What are the signs of ADHD?
Attention deficit hyperactivity disorder is a common childhood condition affecting roughly 8 percent of all children. The hallmarks of ADHD are difficulty paying attention, hyperactivity and high impulsivity.
To some extent, all of us have these qualities and this is especially true of young energetic children. Children with ADHD however, have subtle, genetic differences in brain chemistry and function that cause these qualities to be present to a point where the ability to learn and function are affected. To diagnose ADHD, symptoms have to present in more than one setting, start before the age of 12 years, last more than 6 months, and affect the child’s performance. The symptoms should not be explainable by age or other medical conditions, such as vision or hearing problems, or lack of sleep.
ADHD has three types:
- Combined hyperactive and inattentive
It is more common in boys who tend to have hyperactive, or combined forms of ADHD whereas girls tend more to have the inattentive form of ADHD, spacing out, losing focus.
Symptoms of hyperactivity/impulsivity often appear by the age of 4 and include excessive fidgeting, trouble staying seated or playing quietly. The children might appear to be a motor that is always “on the go,” talking excessively, interrupting others, or not waiting for a turn. In older children, hyperactivity may subside into a feeling of restlessness. There is an inability to control these behaviors, such that they may disrupt class, have difficulty getting along with other children, or not perform well in school despite being bright and generally “good” kids.
Features of inattention are usually seen at about age 8 and include a tendency to daydream and not stay focused. Children with inattentive version of ADHD seem to not listen and make careless mistakes. They may be easily distracted, lose things, or not complete tasks.
All children with ADHD have difficulty organizing and prioritizing their work, making school work a challenge, particularly in higher grades. Frequently, there are other associated conditions like learning disabilities, anxiety, depression, and more severe behavior problems. It is easy to understand how living with undiagnosed ADHD can cause a child to become anxious, or generate low self-esteem.
The symptoms of ADHD are present in the majority of children to varying degrees at different times. The difference is the symptoms’ persistence and a seeming inability for the child to control them such that their grades drop and parents may start to appreciate a disconnect between ability/intention and results/performance.
The diagnosis involves a consultation with your pediatrician. Evaluation takes patience and input from parents and teachers over a period of time, completing standard rating scales, ruling out medical problems, and checking for associated learning and emotional problems. This is neither a quick and easy diagnosis, nor a quick and easy treatment. However, the goal is to make sure that the diagnosis is correct and then to comprehensively address all of the issues.
Behavior strategies are very helpful at home and in school and are recommended as the first approach to managing younger children (ages 4–6 years). The first step is to accept the child and build success and confidence. It is helpful to have a simple and consistent structure to the day with regular sleep/meal schedules. Help the child become more organized and provide a hobby that the child enjoys. Write up simple goals, perhaps one per week. Reinforce good behavior with hugs and sticker charts. Some attention building activities include one-one reading and doing puzzles or playing games. Provide a channel for the boundless energy with appropriate and reasonable activities. Avoiding the pitfall of frequent criticism is important.

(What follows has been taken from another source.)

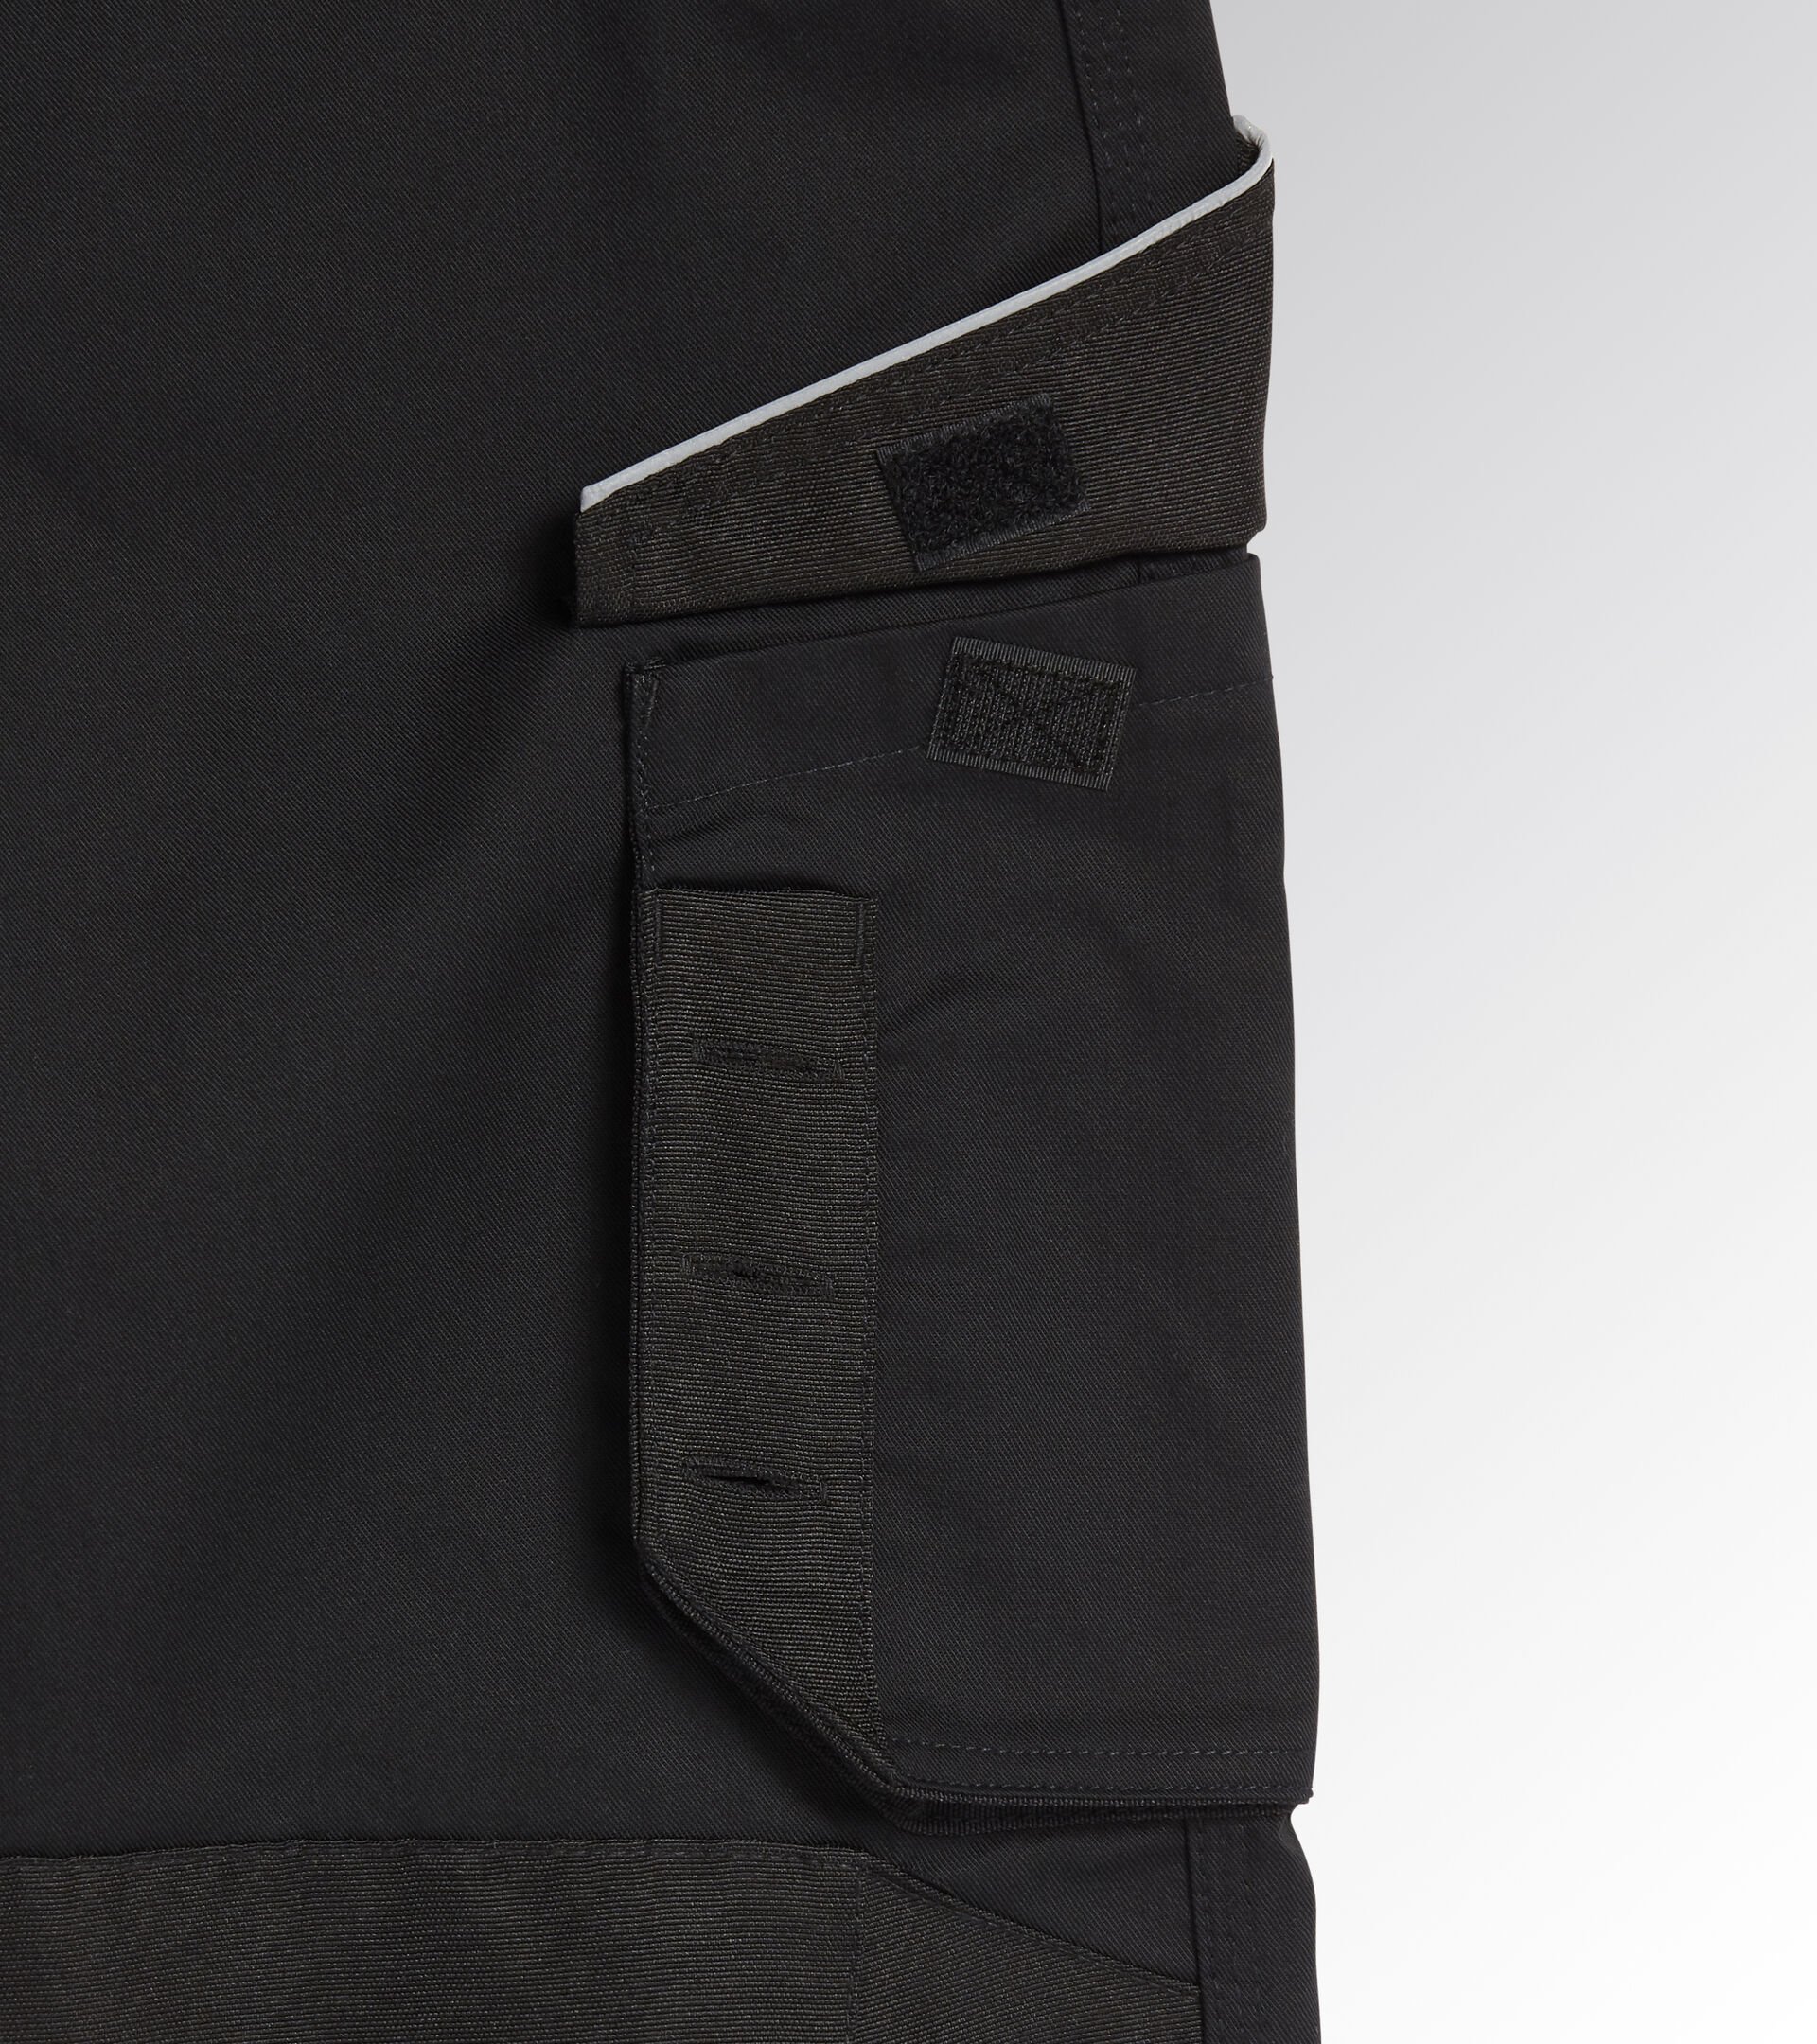 Work trousers PANT ROCK PERFORMANCE BLACK - Utility

At school, smaller classrooms, a knowledgeable teacher, and a routine that suits the child can be very helpful. Have the child sit in the front of the class to promote frequent eye contact with the teacher. Consider having the child evaluated for a learning disability/dyslexia if needed. Public schools can provide an evaluation as well as a tailored program, if learning problems are identified.
Finding the route to academic success is important as ADHD and learning disabilities in no way suggest that the child is not intelligent. They may just not thrive in a “one size fits all” mold. Many parents try dietary modifications, which may only benefit those with sensitivities to food. Behavioral therapists can be very helpful in suggesting strategies for home and school to parents and children.
Finally, medications are proven to be very helpful. Understandably, it is often not the parent’s first choice. There are many medications that have been studied and found effective in the management of ADHD. The choice of medication and dosage is very individualized and needs monitoring and regular follow-up. The provider, parents, and teacher should all be involved in the process to make sure the goal is met, which is for the child to thrive in all ways.